──────── Input data

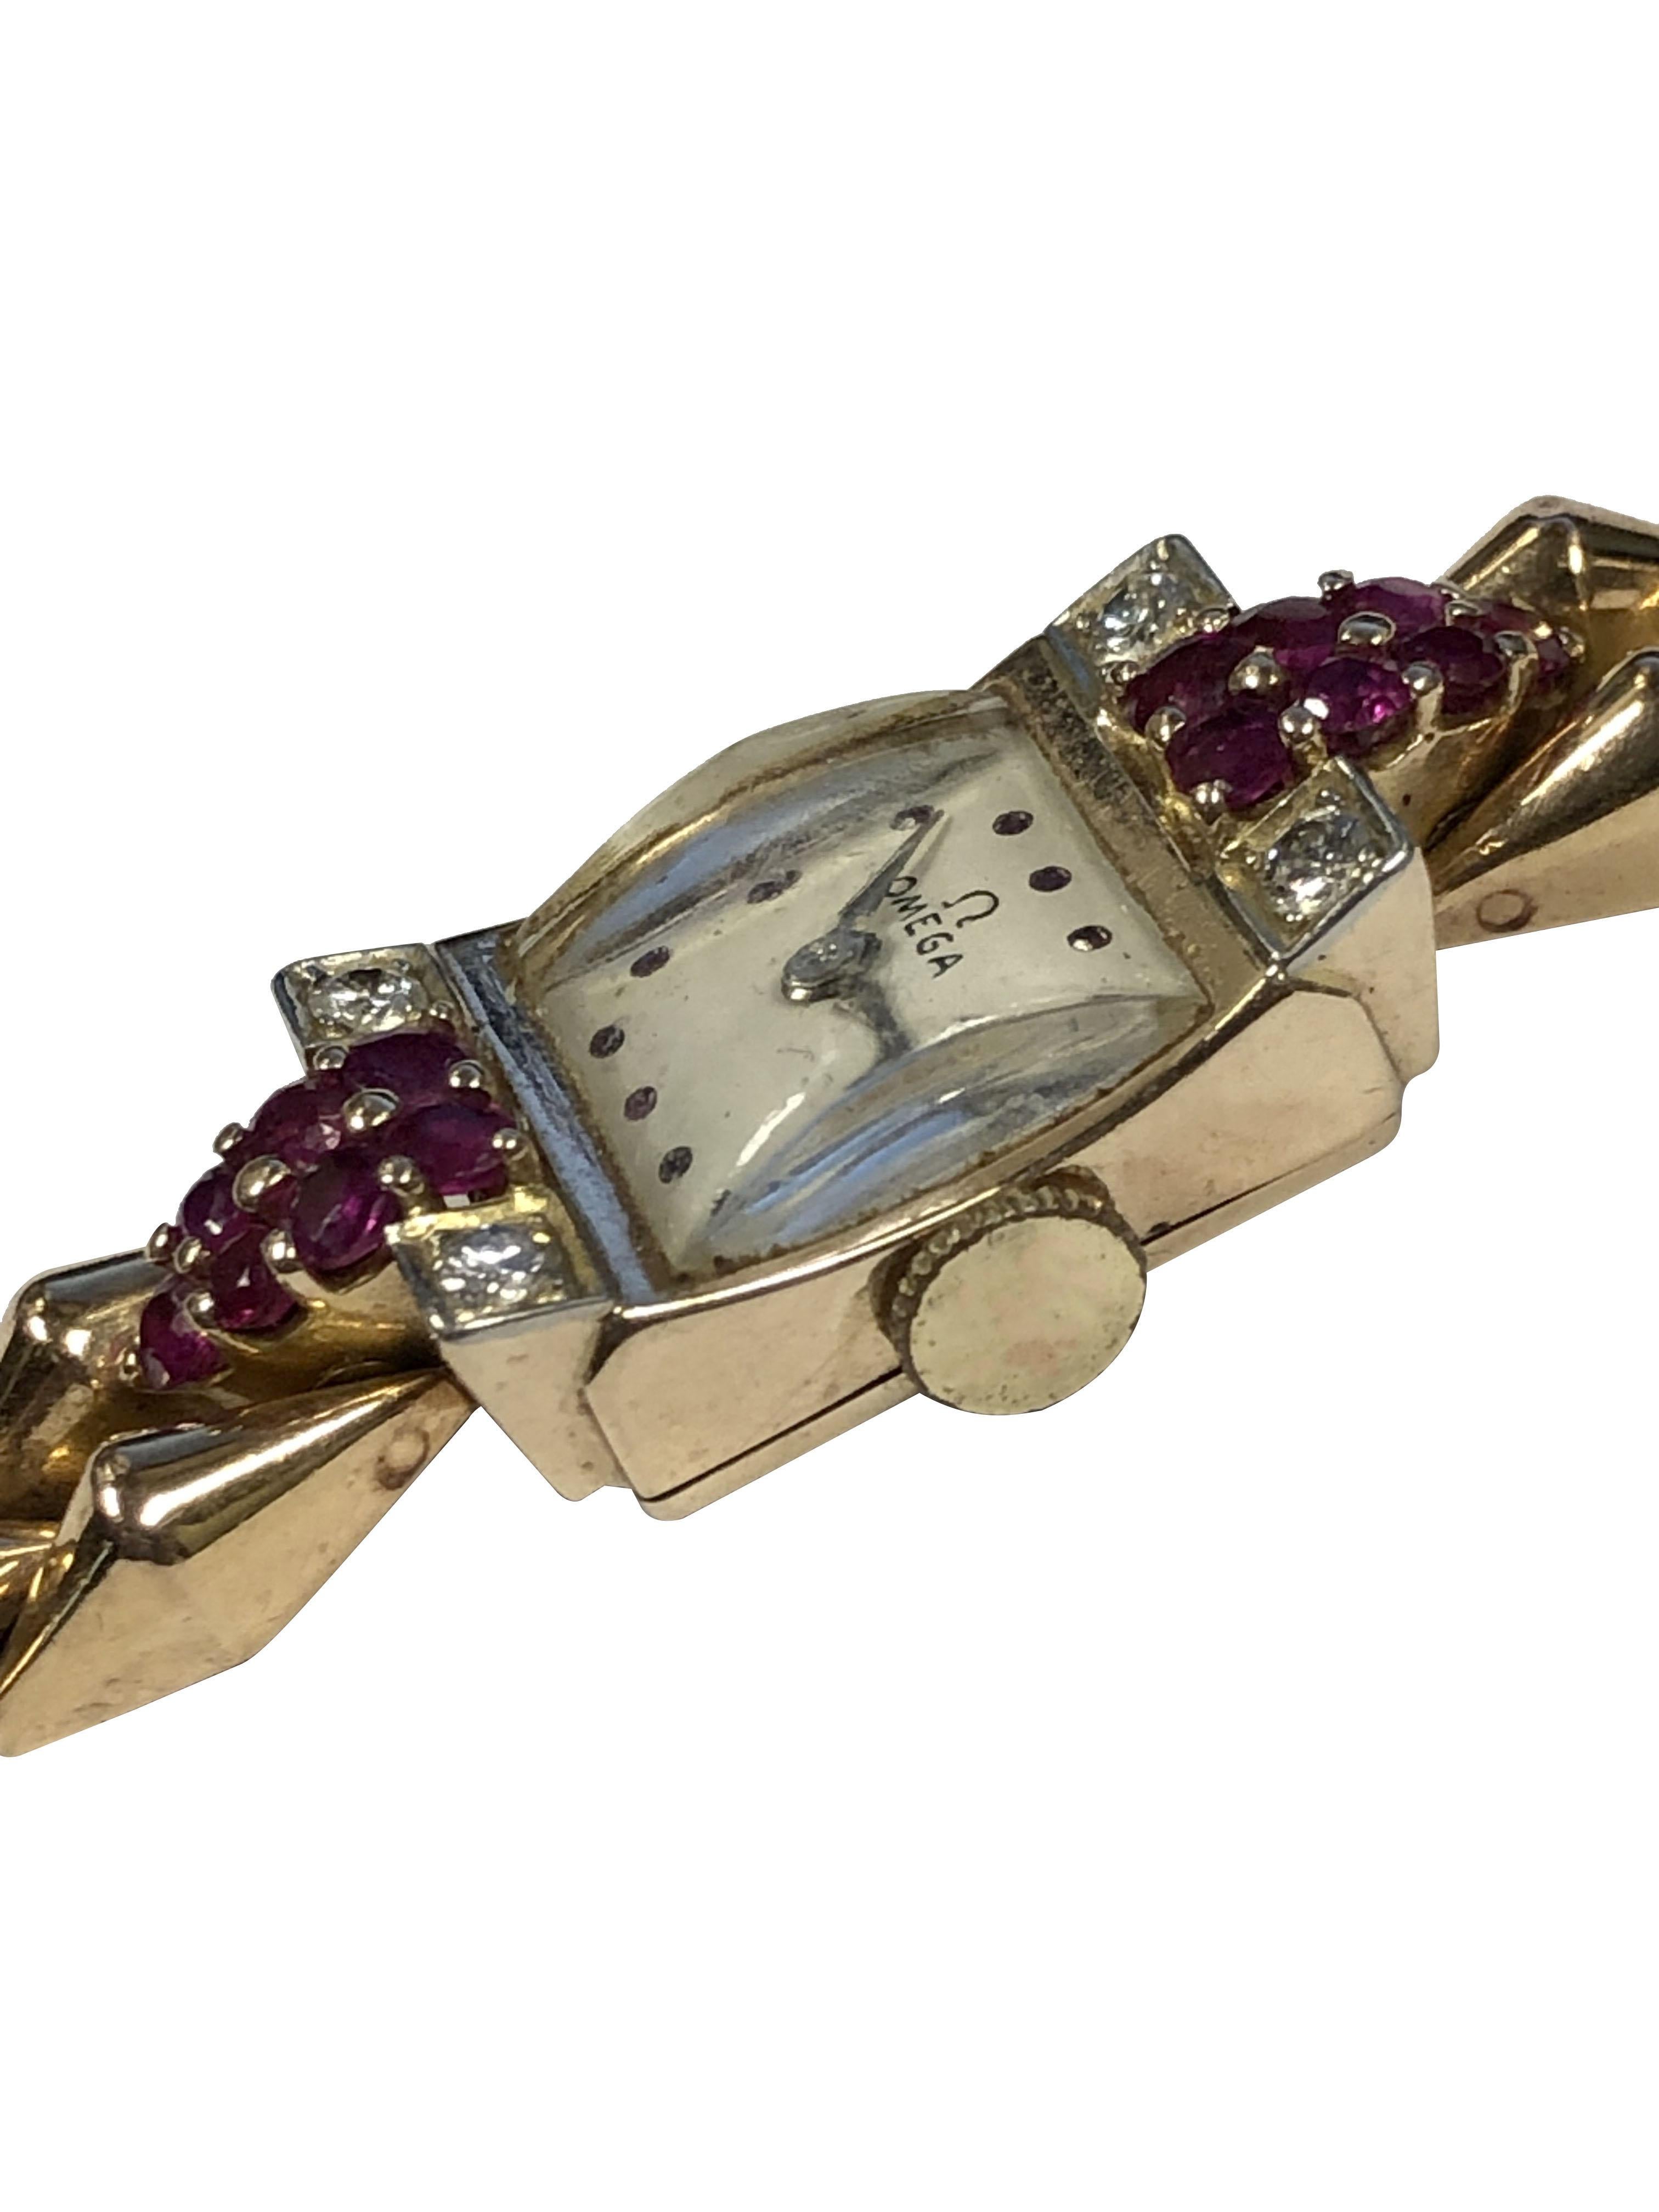 CIRCA 1940er Omega Damen Armbanduhr, 22 x 14 M.M. 14k Rose Gold Signed Omega 2 Stück Fall, der Fall oben ist mit feinen Farbe Rubine und runde Diamanten im Brillantschliff gesetzt. 17 Jewel mechanische, manuelle Wind Bewegung, weißes Zifferblatt mit
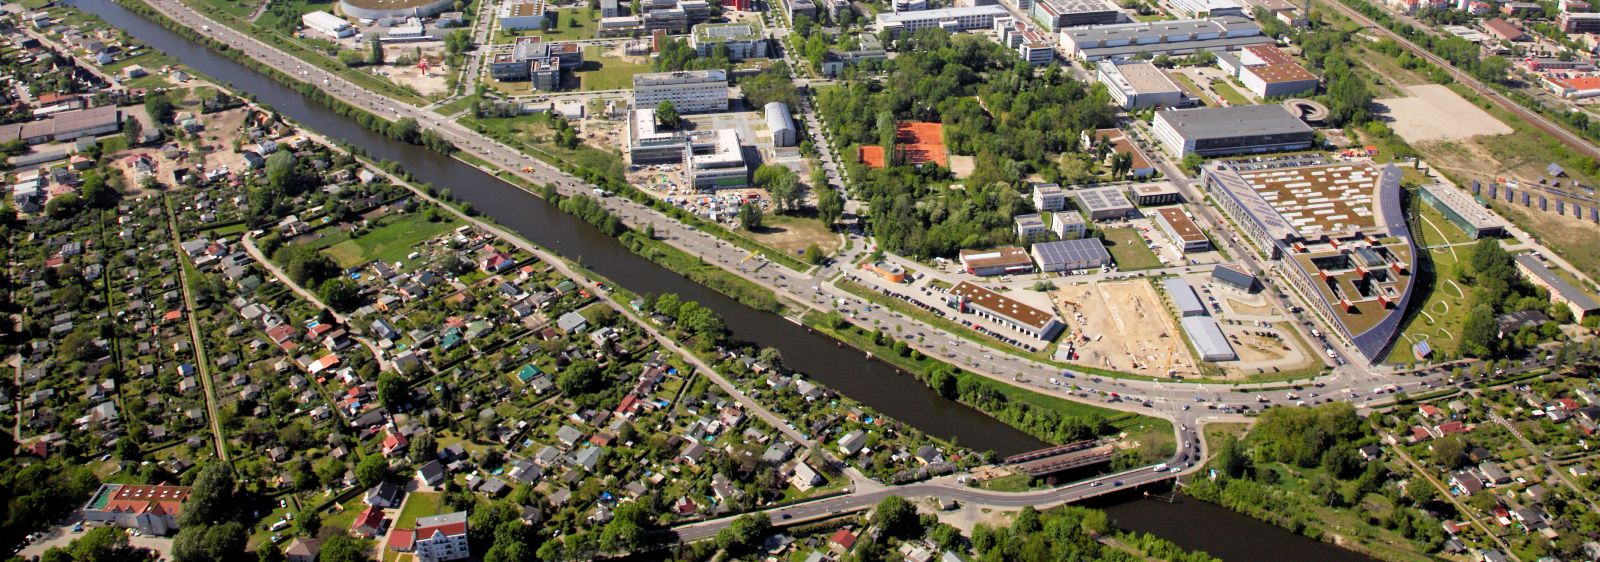 Luftbild des Standorts Adlershof im Mai 2013
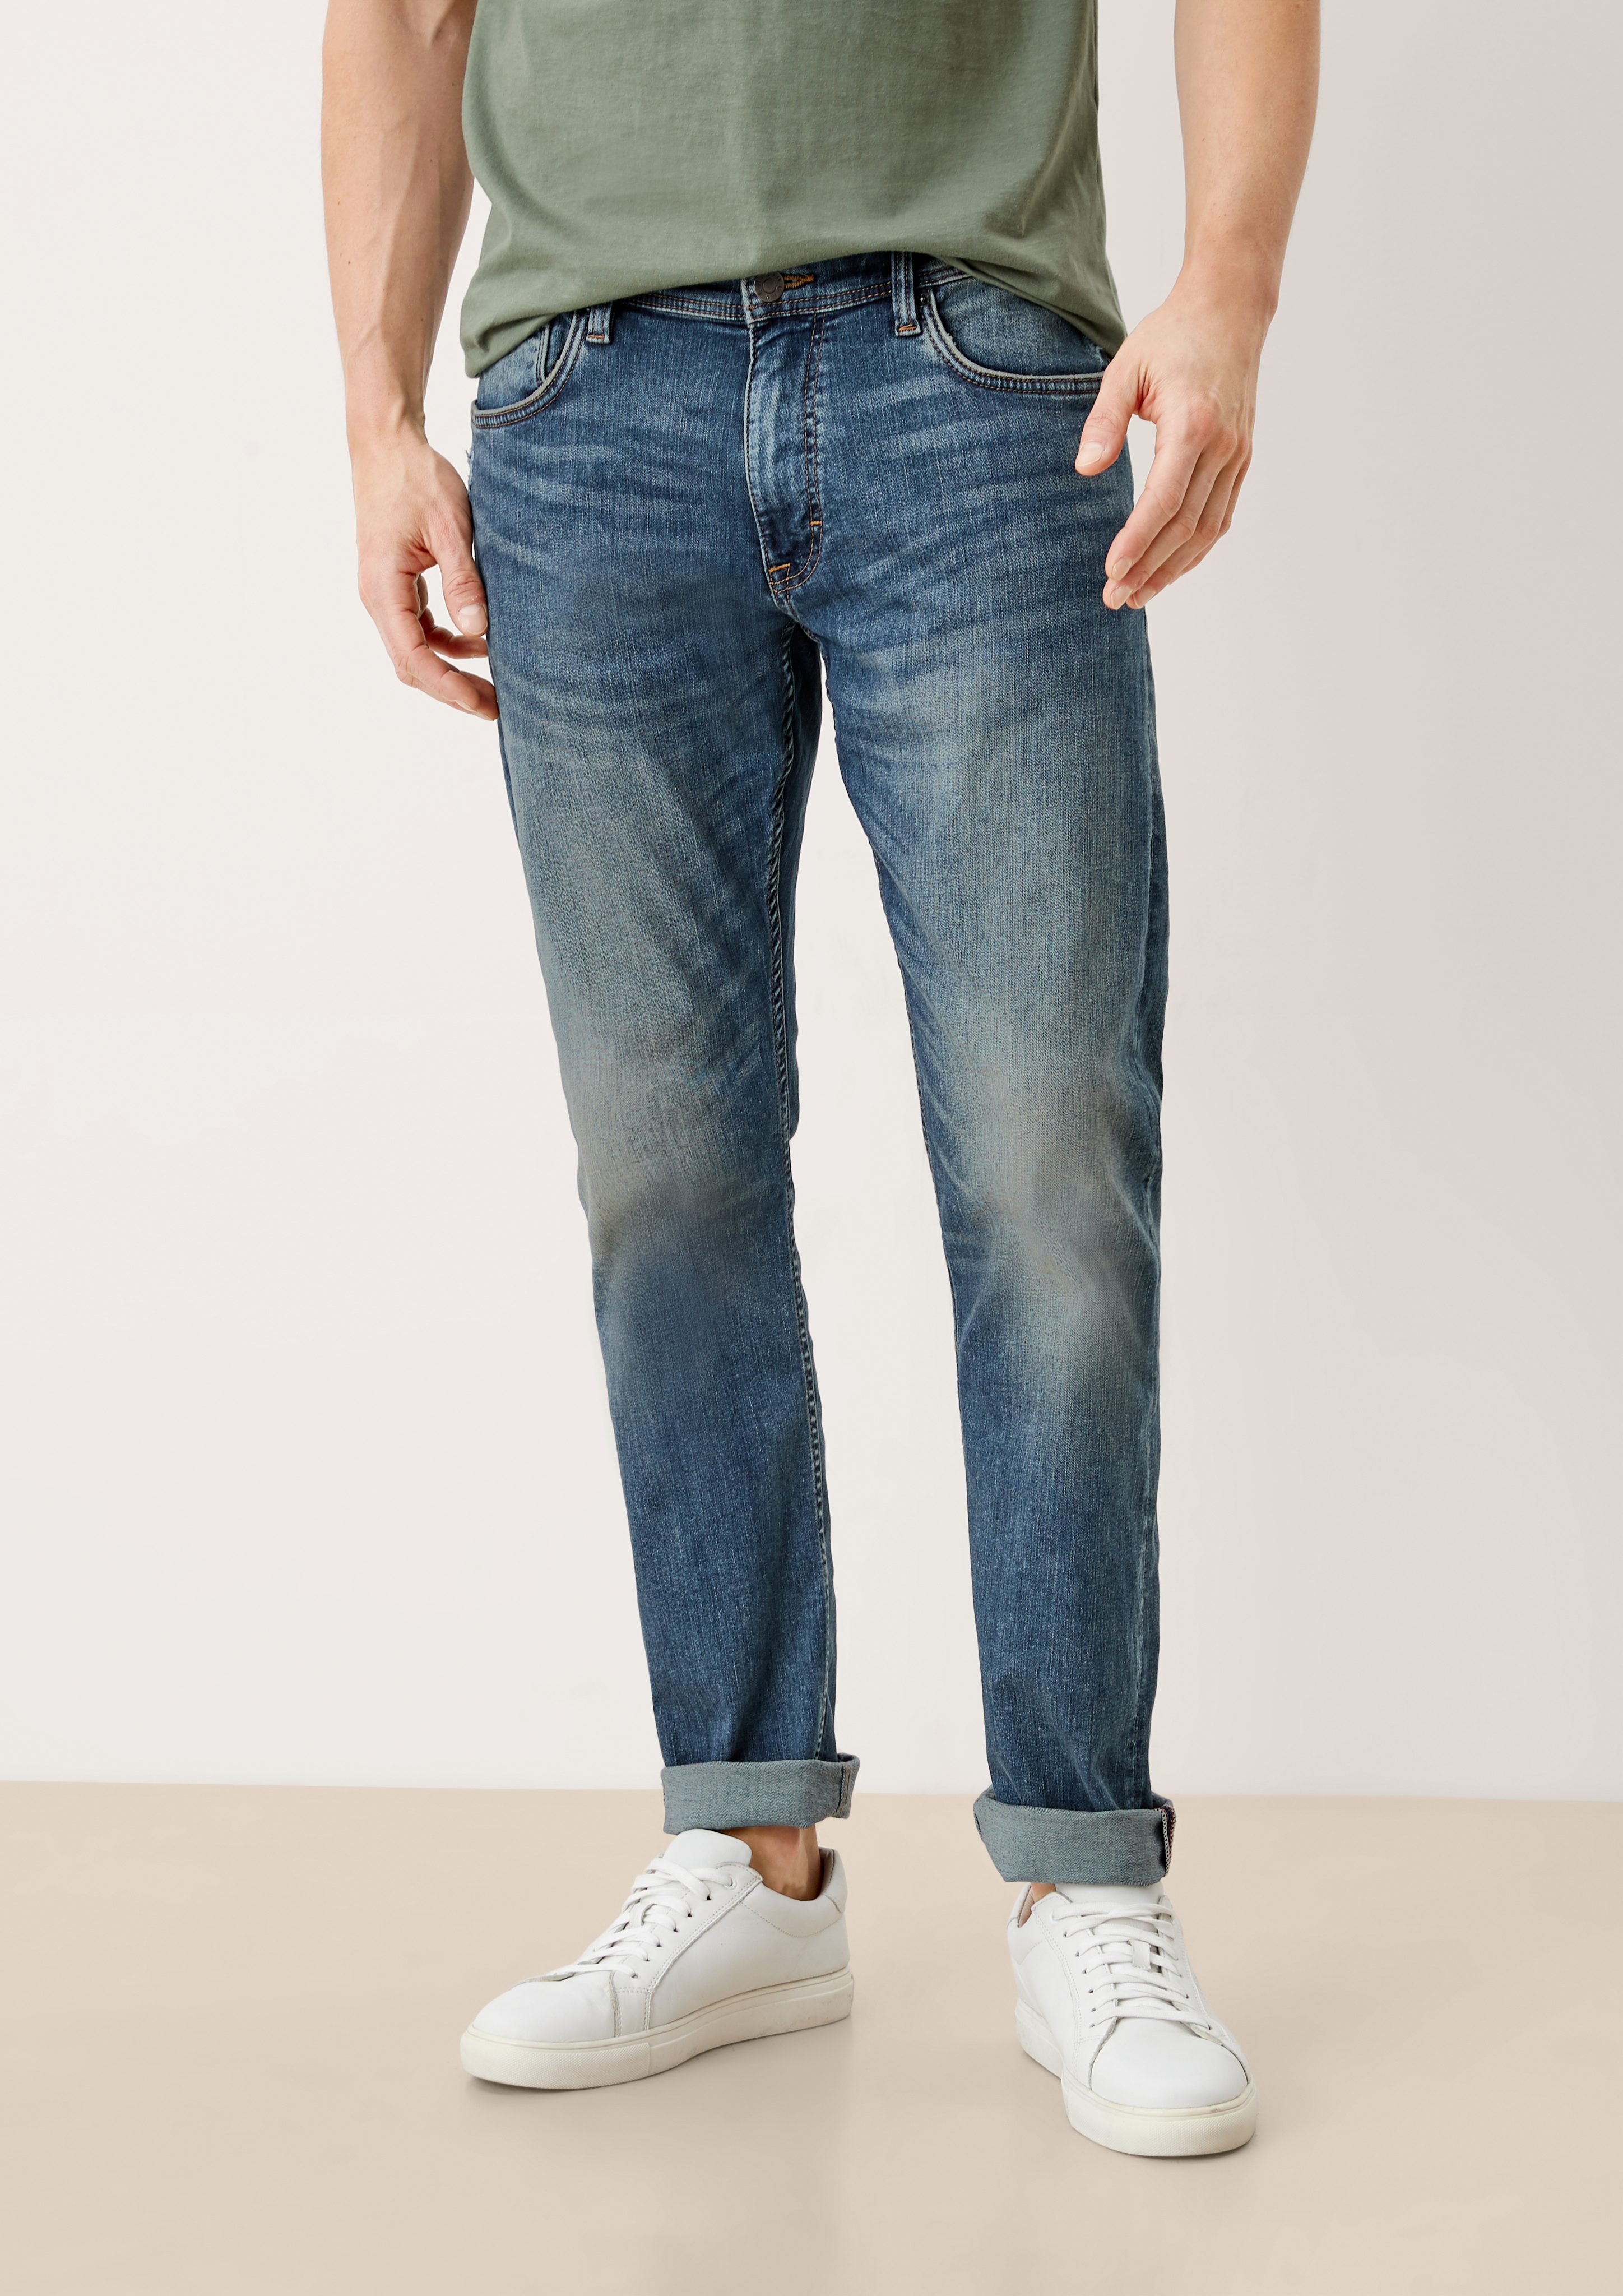 s.Oliver 5-Pocket-Jeans Slim light Fit Jeans Mid blue / Destroyes, Leg / Rise Keith / Waschung sretche Slim

────────────────

■ About this task ■
Please retype the listing in full, exactly as given, and skip every image.

■ Response to the exercise ■
 CIRCA 1940er Omega Damen Armbanduhr, 22 x 14 M.M. 14k Rose Gold Signed Omega 2 Stück Fall, der Fall oben ist mit feinen Farbe Rubine und runde Diamanten im Brillantschliff gesetzt. 17 Jewel mechanische, manuelle Wind Bewegung, weißes Zifferblatt mit
 Luftbild des Standorts Adlershof im Mai 2013
 s.Oliver 5-Pocket-Jeans Slim light Fit Jeans Mid blue / Destroyes, Leg / Rise Keith / Waschung sretche Slim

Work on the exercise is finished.